We can’t bring the majestic lion Cecil back, but we can get US and EU leaders to pass common-sense rules to protect the rest of the world’s lions,” Avaaz said in an email sent to its members.
“As concerned citizens deeply disturbed by the tragic killing of Cecil the lion, we urge you to act swiftly to stop the decline in lion populations across Africa. We call on you to ensure they are classified as an endangered species and ban the import of any hunting trophies that threaten the survival of these majestic animals.”
Calls for US dentist to be tried in Zimbabwe
Oppah Muchinguir, the Zimbabwean Environment, Water and Climate Minister said, “We want Palmer tried in Zimbabwe because he violated our laws.”

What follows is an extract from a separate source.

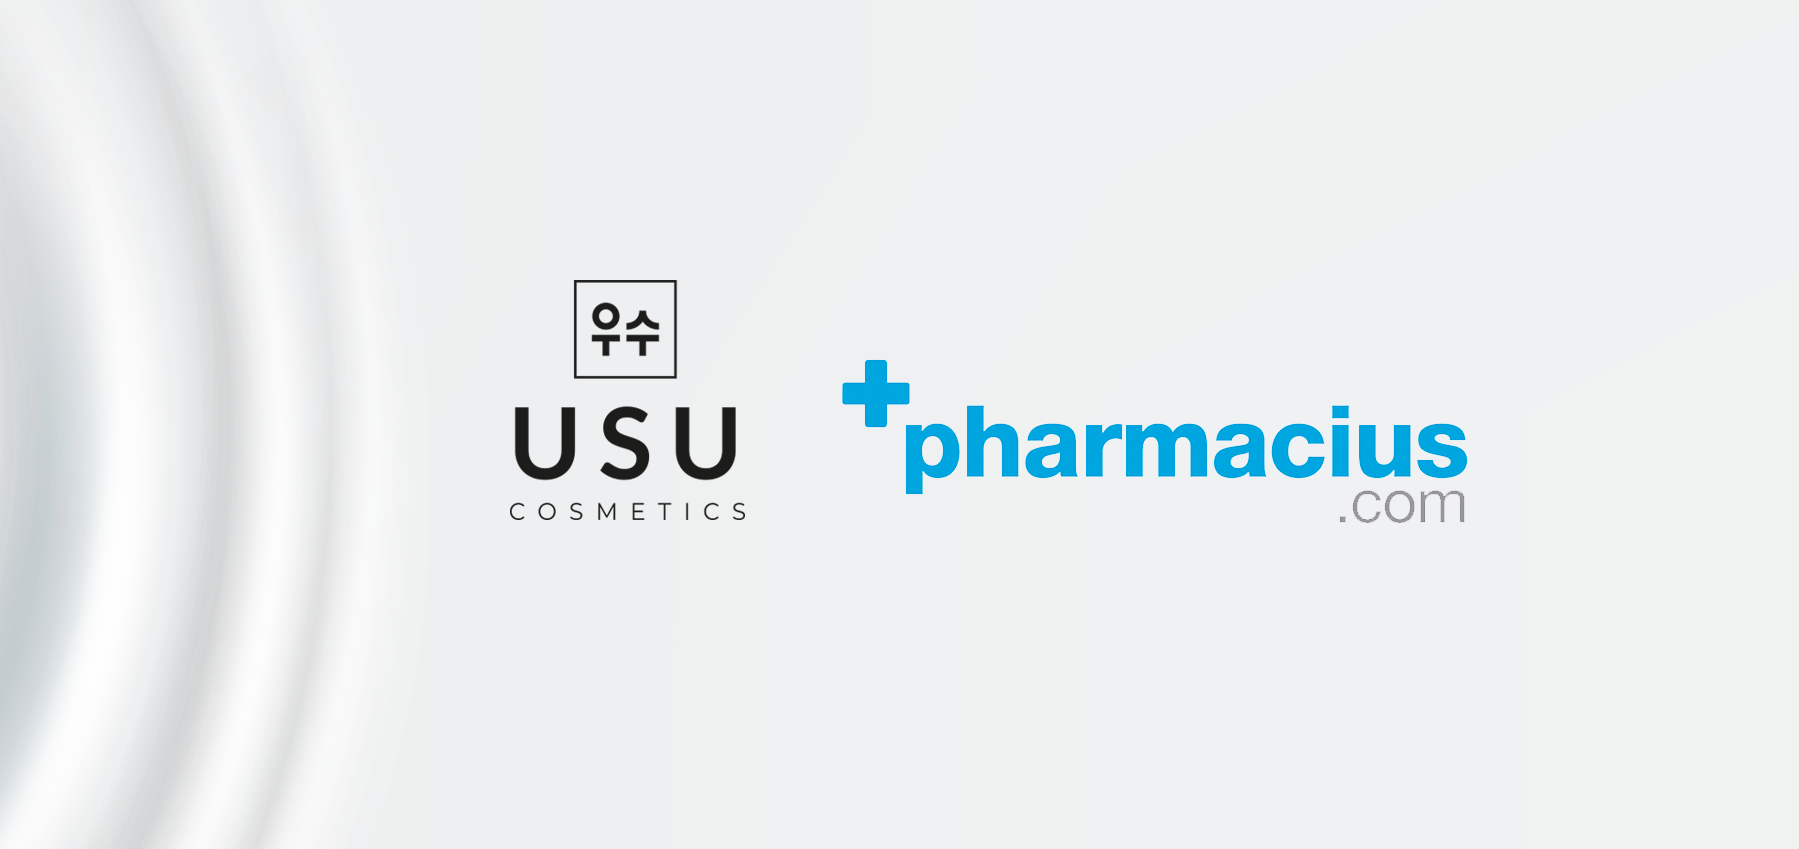 Los productos USU Cosmetics ya están en Pharmacius.com

“One can conclude with confidence that Dr Palmer had a well-orchestrated agenda which would tarnish the image of Zimbabwe,” the Parks Authority said, “This must be condemned in the strongest possible terms.”
Zimbabwean law enforcement officers have been investigating the matter since the 7th of July 2015.
It was found that Honest Trymore Ndlovu, owner of Antoinette farm on the Gwayi River Conservancy adjacent to Hwange National Park where Cecil was shot, had been issued with a hunting quota for 2015, but it excluded lions. Zimbabwean authorities received a tip-off from an informer that the professional hunter, Theo Bronkhorst “illegally connived with Ndlovu to kill the lion”, which is in violation of Section 59 of the Parks and Wildlife Act.
Parks Authority believes that the use of a bow and an arrow “was meant to conceal the illegal hunt by using a means that would not alert the rangers on patrol”.